Personal information
- Full name: Labhanshu Sharma
- Nickname: Pahalwan Jee
- Born: Labhanshu Rishikesh, Uttarakhand, India
- Education: Netaji Subhas National Institute of Sports
- Height: 185.5 cm (6 ft 1.0 in) (2021)
- Weight: 97 kg (214 lb) (2021)

Sport
- Country: India

= Labhanshu Sharma =

Indian wrestler

Labhanshu Sharma is an Indian wrestler, world peace activist and winner of gold medals in Asian International Games and Indo Nepal International Wrestling Tournament held in Sri Lanka and Nepal. He also received the National Bravery Award from the prime minister of India, Narendra Modi, in 2015 after saving two individuals from drowning in river Ganga in Rishikesh.

==Early life and career==
Labhanshu was born and raised in Rishikesh, Uttarakhand to a traditional family. He is the youngest child of Suresh Chand Sharma, a former wrestler of the Indian Army. Labhanshu started his wrestling career at the age of 14 by winning the "Nau Shera Dangal", a 150-year-old wrestling tradition that is organized every year in Delhi. He was the youngest wrestler to win the "Nau Shera Dangal". In 2012 Labhanshu won the state-level wrestling championship in Uttarakhand. He won his first gold medal after competing in the National School Games of India. He also won 7 gold medals at national-level matches. In 2016-17 he fought in the Asian International Games and Indo Nepal International Wrestling Tournament, where he won multiple gold medals under the category of 120 kg.

For its 12th season, Indian television reality show "Bigg Boss" invited Labhanshu Sharma.

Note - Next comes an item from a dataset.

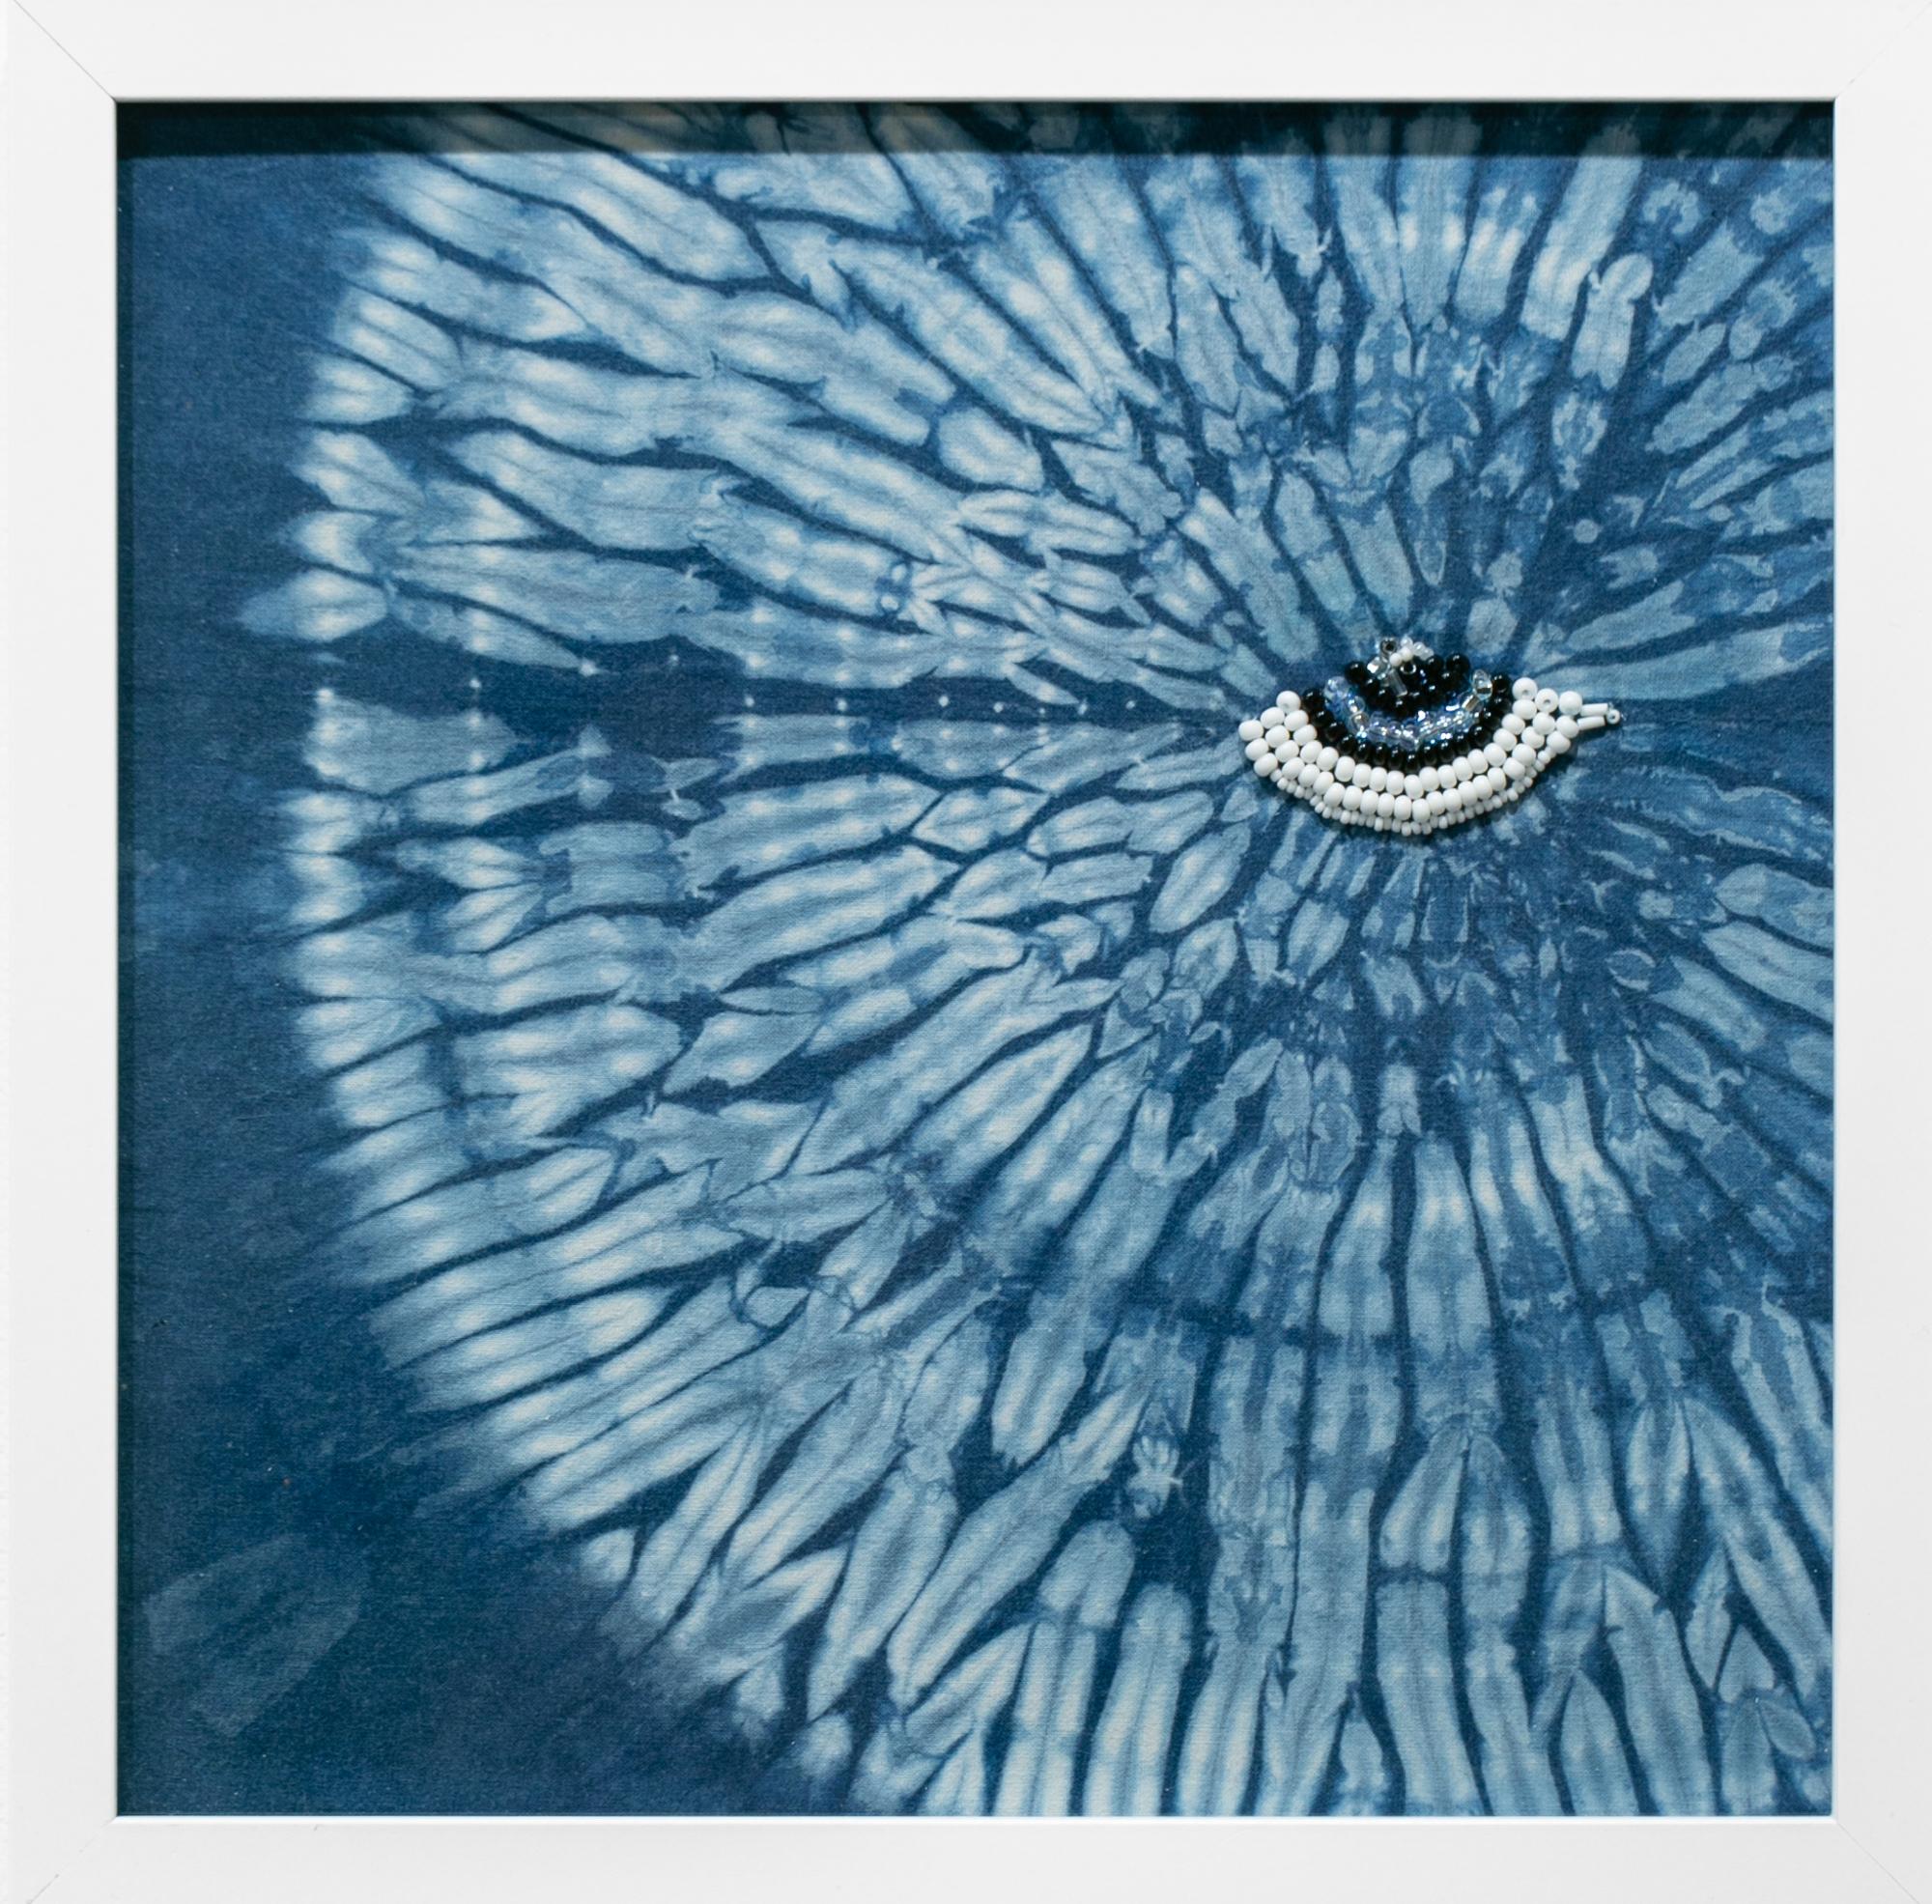 "Gully washer", Blue, Indigo Dye, Sequins, Beaded Embroidery, Eye - Art by Katherine Heisler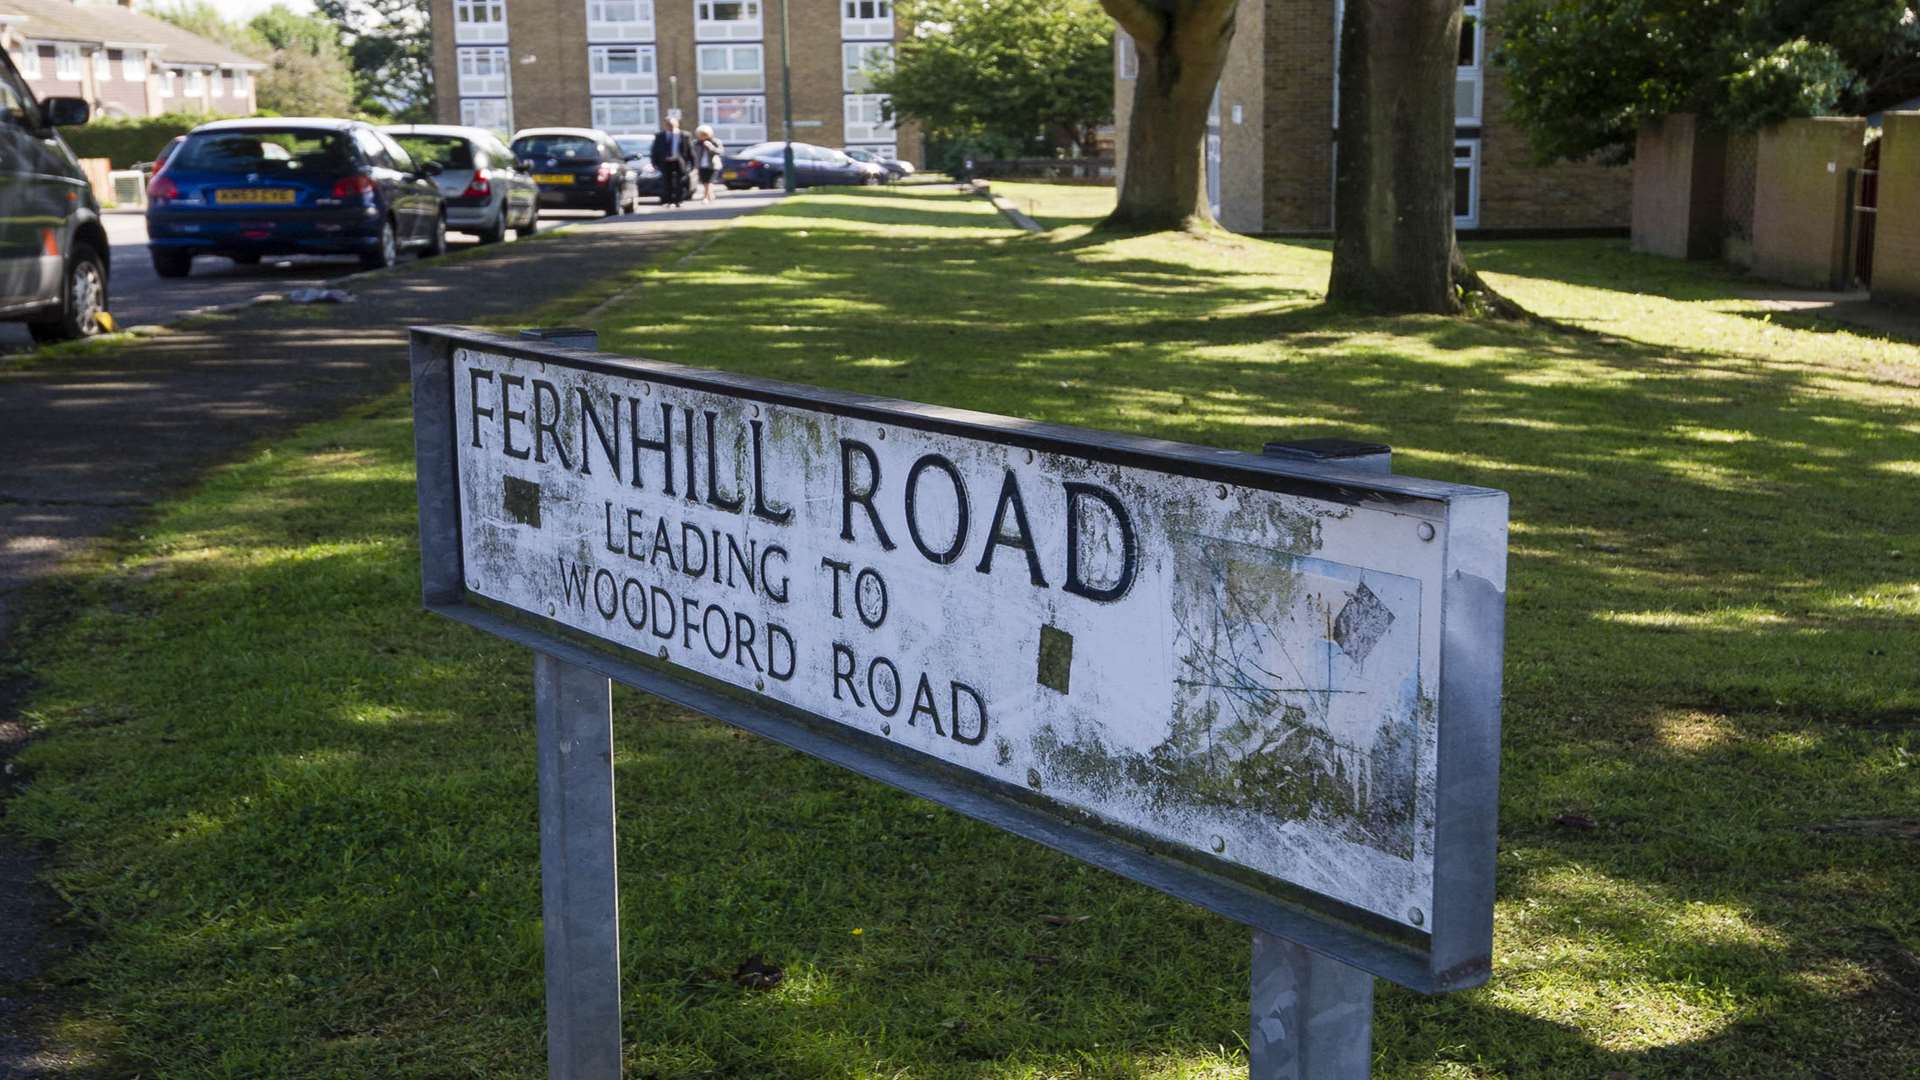 Fernhill Road in Maidstone

In 2017, Labhanshu won a silver medal in the first KD Jadhav International Wrestling Tournament held in Talkatora Stadium, New Delhi.

==Anti Drug Campaign==
Sharma is also running an anti-drug campaign for saving youth. In 2016, he was invited to participate in the World Youth Conference in Kuala Lumpur; his speech motivated many students to go against drug, alcohol, and tobacco abuse.

== OROP protest ==
Labhanshu Sharma played a major role in implementing of One Rank, One Pension scheme for veteran Indian Army soldiers. He returned his bravery award and medal to the government in agitation to support ex-army personnel. He did 3 days fast strike at Jantar Mantar Delhi.

==World Record==
Labhanshu Sharma made it to the Unique World Records by pulling a 20-ton truck in the capital city of Georgia, Tbilisi, on 20 December 2017.

==World Peace Journey==
In 2019, Trivendra Singh Rawat, Chief Minister of Uttarakhand flagged off to Labhanshu Sharma's "World Peace Journey".
With the message of Love, Peace, and Happiness and the fight against terrorism, Labhanshu Sharma has traveled from Dehradun to London via 32 countries including India, Nepal, China, Kyrgyzstan, Kazakhstan, Uzbekistan, Russia, and 24 European countries and the United Kingdom. This journey helped him in presenting the motto of Indian culture of "Vasudev Kutumbakam" to a considerably large number of people across the countries. The message of One World One Religion, Humanity, Peace, Love and Happiness and Fight against Terrorism was spread in the form of visual representations on his travel vehicle and also through Mementos. The mission of his journey was to raise the voice against Terrorism and eliminating all kinds of Drug abuse by trying to fill the gaps between people-to-people communication across the countries. He shared the message of World Peace, Love, and Happiness by the visual representations on his traveling vehicle and also by sharing the pamphlets of our Mission to the people we met across the countries.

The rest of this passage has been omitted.